EXERCISE PROMPT: Below are some entries. Repeat exactly the lines from the one with "Train Cemetery in" through the one with "Toshiba 1TB Portable", and only those.

RECORDED INFORMATION:
= Beginning of Section =

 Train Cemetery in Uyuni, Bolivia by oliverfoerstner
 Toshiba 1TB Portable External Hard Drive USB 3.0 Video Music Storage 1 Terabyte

= End of Section =
= Beginning of Section =

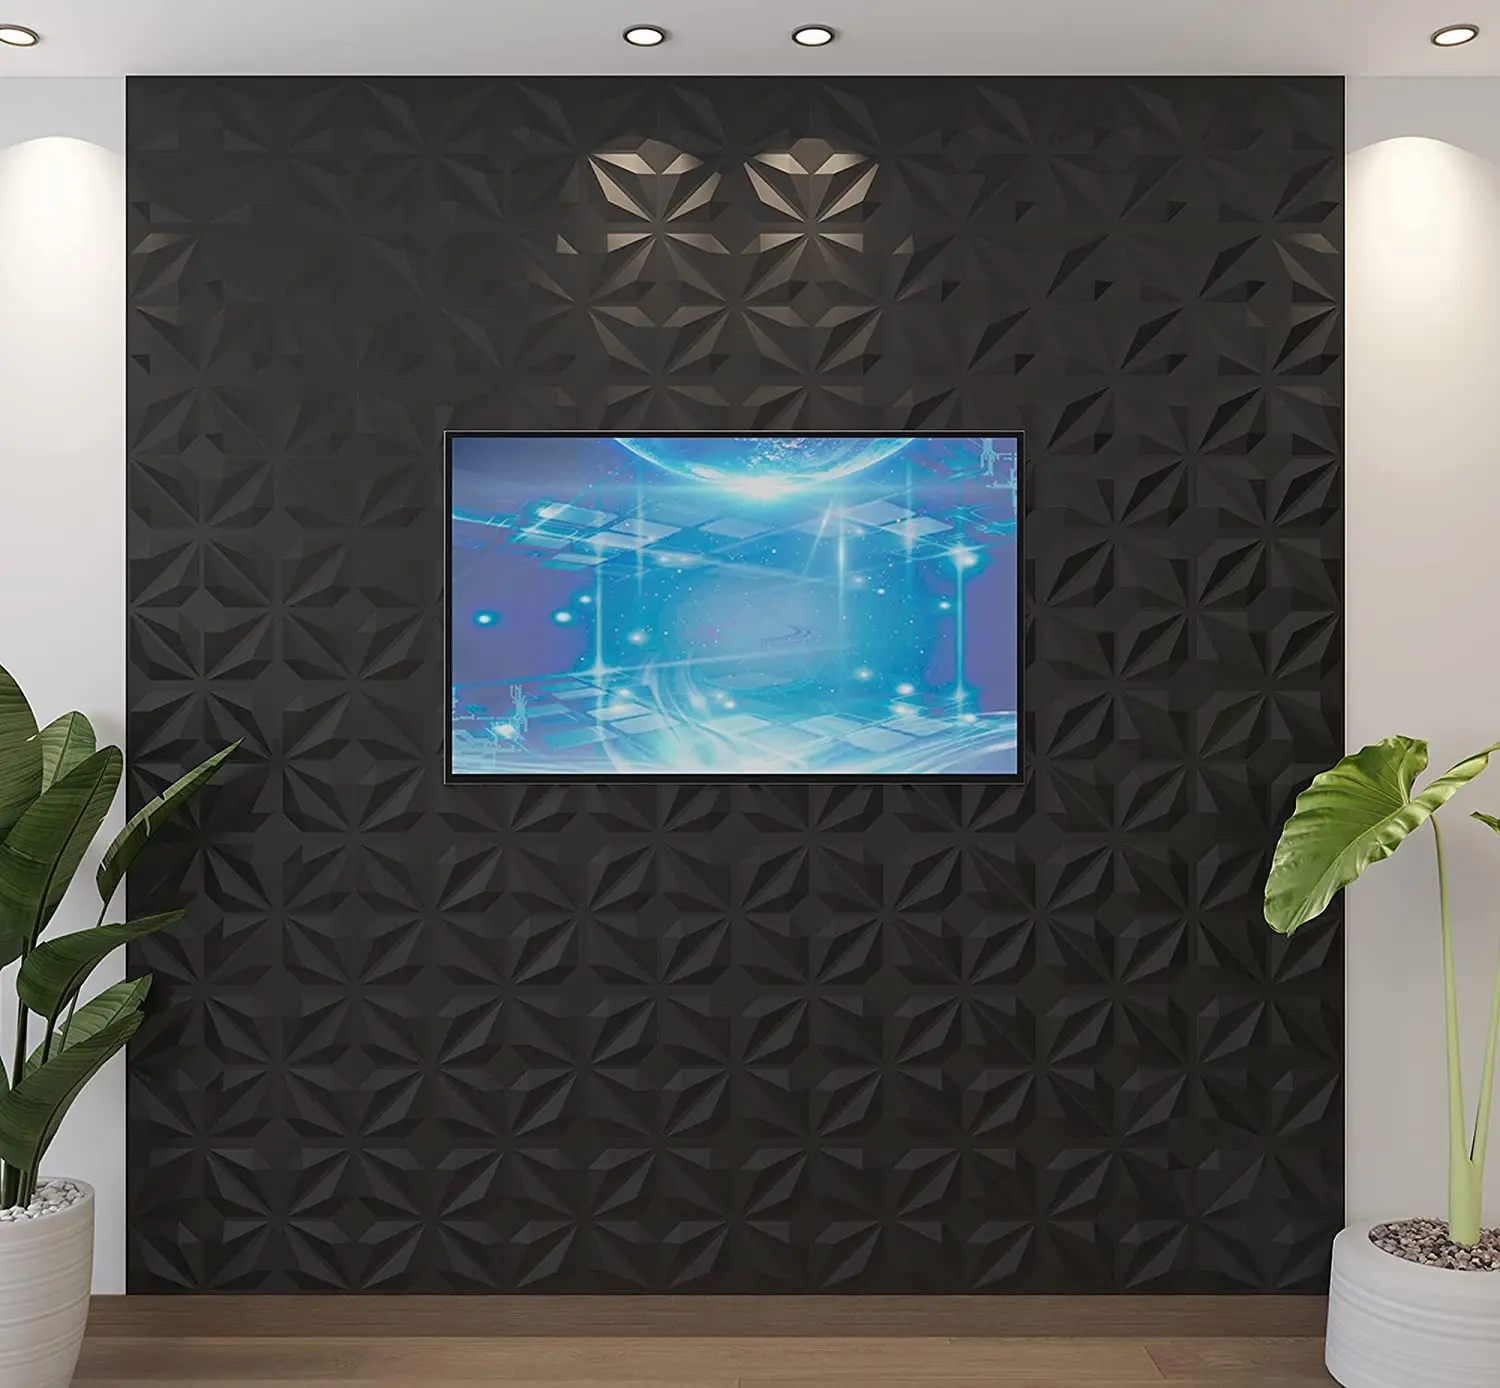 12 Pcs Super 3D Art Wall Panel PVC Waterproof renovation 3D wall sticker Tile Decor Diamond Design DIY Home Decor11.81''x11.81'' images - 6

= End of Section =

RESPONSE TO THIS EXERCISE:
 Train Cemetery in Uyuni, Bolivia by oliverfoerstner
 Toshiba 1TB Portable External Hard Drive USB 3.0 Video Music Storage 1 Terabyte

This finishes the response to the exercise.